All voices in a chorus of diversity announced their commitment and readiness for peace. The collective perception, mood and efforts were at their best and the 217 pages of the “peace agreement” would be the compass to follow. For everyone – state, government, international community and society – it was clear that the insurgency had not been defeated politically, ideologically or militarily and that the surrender of its weapons, strategies and means of warfare had been confirmed. Now they would become part of political life, (real politics), as peace builders. There were sufficient and necessary guarantees to affirm in advance that the peace signed would quickly produce the transformation of society and the state, as had occurred in the recent conflicts closed with negotiations. In Nepal, the conversion from monarchy to democracy was agreed upon and took place immediately; in Burundi, the insurgency took over 33 high state offices; Ireland established a shared government between Catholics and Protestants; and in Angola, a government of national unity was agreed upon.

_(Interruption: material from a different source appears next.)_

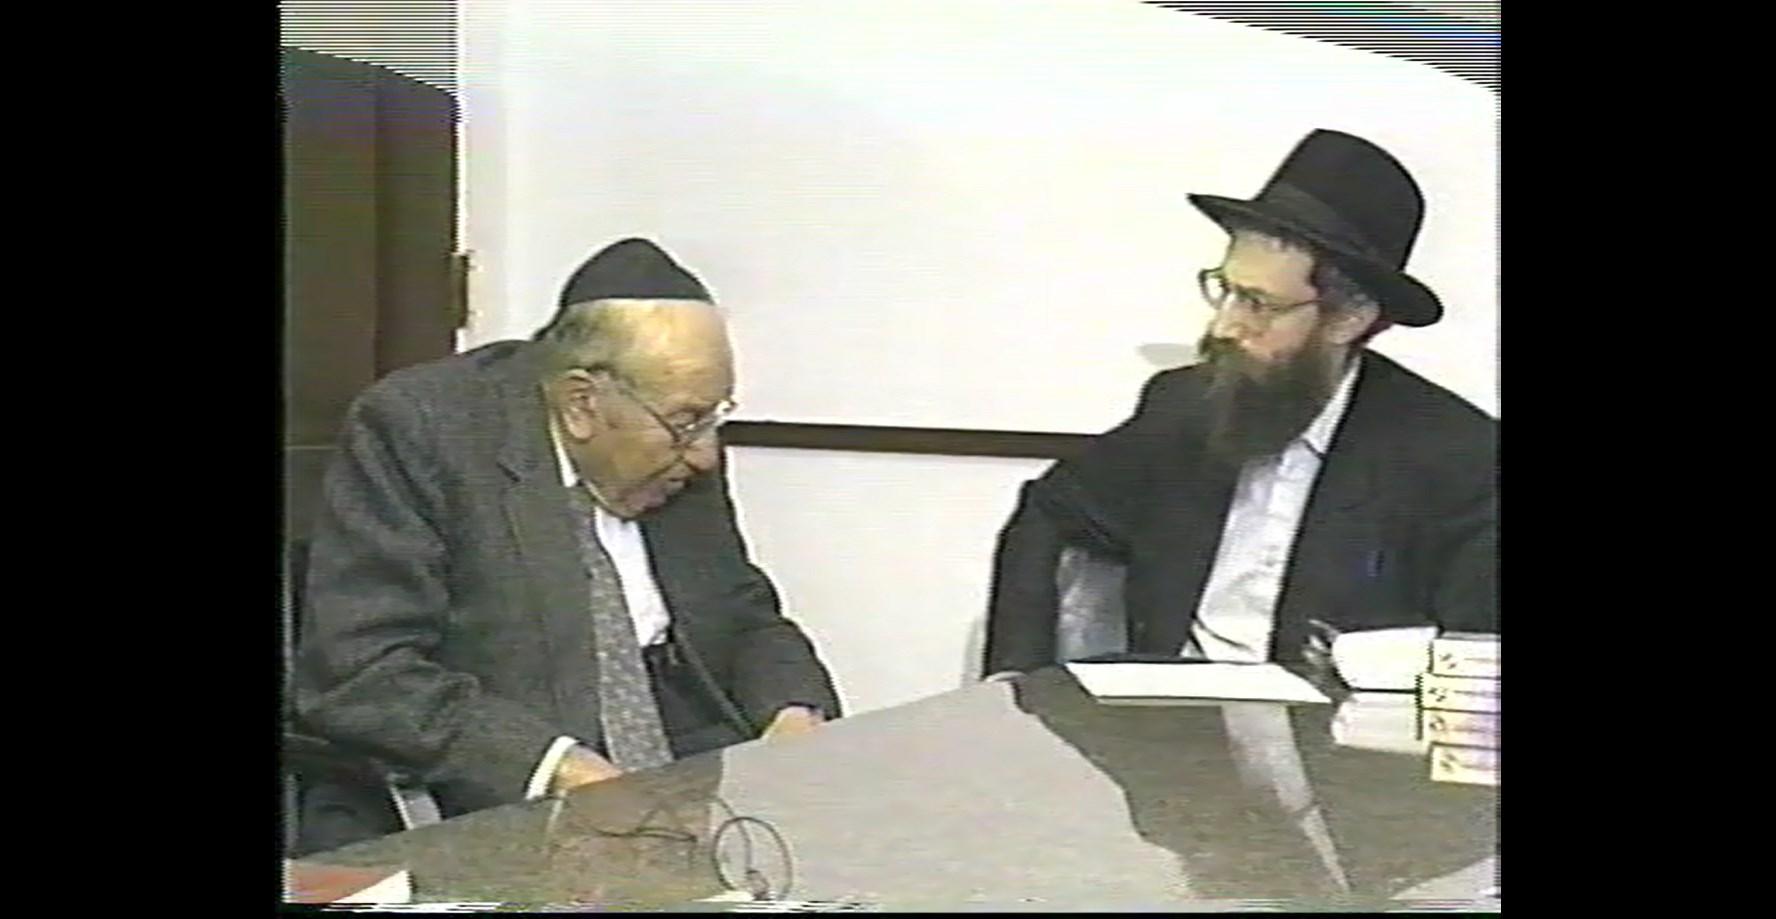 Prof. Radkowsky Interview with Prof. Silman.jpg

The insurgency in Colombia would have only 10 seats in a parliament of 250 and was under special state protection. It did not matter the scarce equivalence, overcoming barbarism and through the route of reconciliation between former enemies was the supreme value, foreseeable, because there was no defeated body to make peace on it, and it was necessary to build it collectively, changing practices and renewing power structures, management, language and attitude. There was fervor and confidence that soon there would be a strong rule of law, taking over territories, improving welfare, recovering political and social stability, a symbol of respect, recognition and guarantee of human rights. The signed agreement was the opportunity that any government would have wanted to have to rebuild the country on life and leave death behind. The signed agreement was an example for the world and a masterpiece of retributive justice whose logic is not that the direct state-insurgency actors and third parties in the war answer to the state but to society and the victims. What is punished is not the crime committed, but the lack of commitment to tell the truth and heal wounds.

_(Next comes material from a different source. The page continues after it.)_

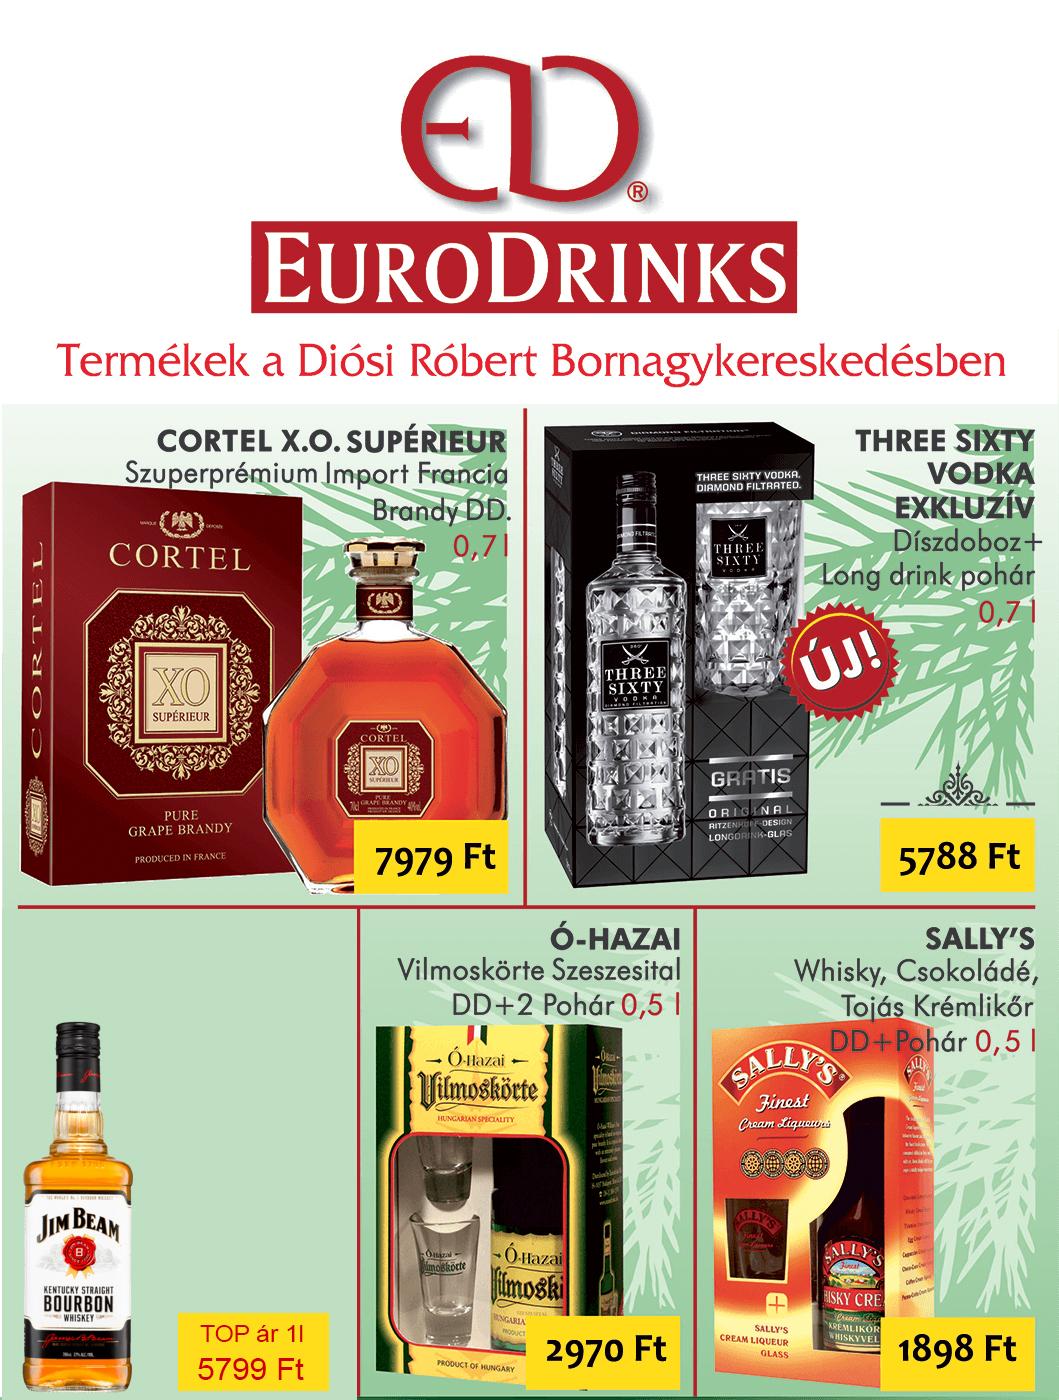 EU drinks

Peace was underway. It was going well. It was an unrepeatable opportunity. But what no one could rationally explain happened: The government denied it, prevented it, hindered it, returning the country to barbarism. The influence, recklessness and action of the ruling party cut off the growing fervor and blocked the routes to peace. It returned to the “doctrine of the war on terror” which it made the main tool of party existence and state governance, sent the Damascus Doctrine, the musical bands, the idea of the conciliatory policeman, the sovereign soldier, the responsible civil servant and the rule of law to the trash. “The doctrine is one of terror” and has prevented the causes of the conflict from being talked about, discussed and above all else, dealt with as causes to rid the country of a return to war.

The party in power protects inequality, which is the original cause produced by the elites that concentrate political power, material goods and systems of corruption and dispossession of the nation’s assets. There nests the triggering factor of crime, violence and horror, which, by preventing the fervor of peace, has set back 100 years the rights conquered. They have led the country to the shame of being first in the world in displacement and selective assassination of social leaders, human rights defenders, peace signatories and double the best state publicity Goebbels style.

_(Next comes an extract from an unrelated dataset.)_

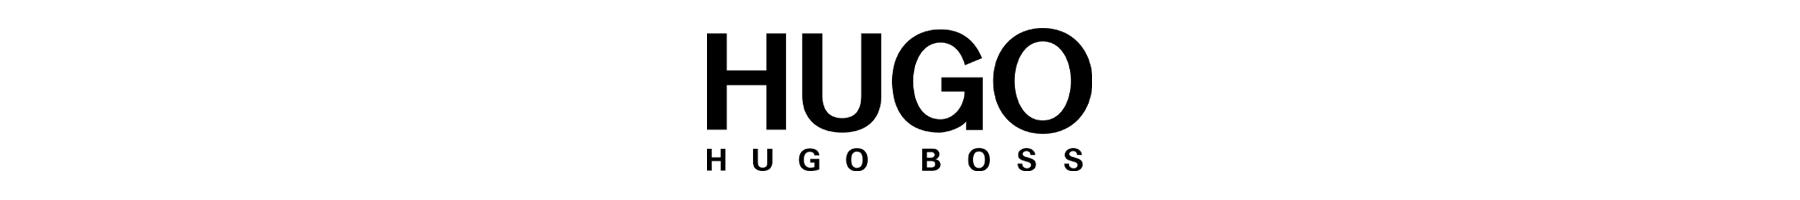 DrJays.com - Hugo Boss

Nothing indicates today that there is a strong rule of law because the party in power turned its ‘No to the Plebiscite’ (inconceivable in reason and politics and won only be several thousands among millions of votes) into its license to prevent peace and to promote once again the death of a country thousands of times murdered, tortured, dismembered, decapitated, incinerated, silenced and “torn to shreds” by the same elites grouped today in the ruling party. Outside of Colombia they present the country as a haven of “peace with legality”, ignoring the fact that there is no protection of human rights nor effective contributions to prevent and mitigate violent crime and conflict nor legitimate processes for the resolution of claims, no disincentives for crime and violence.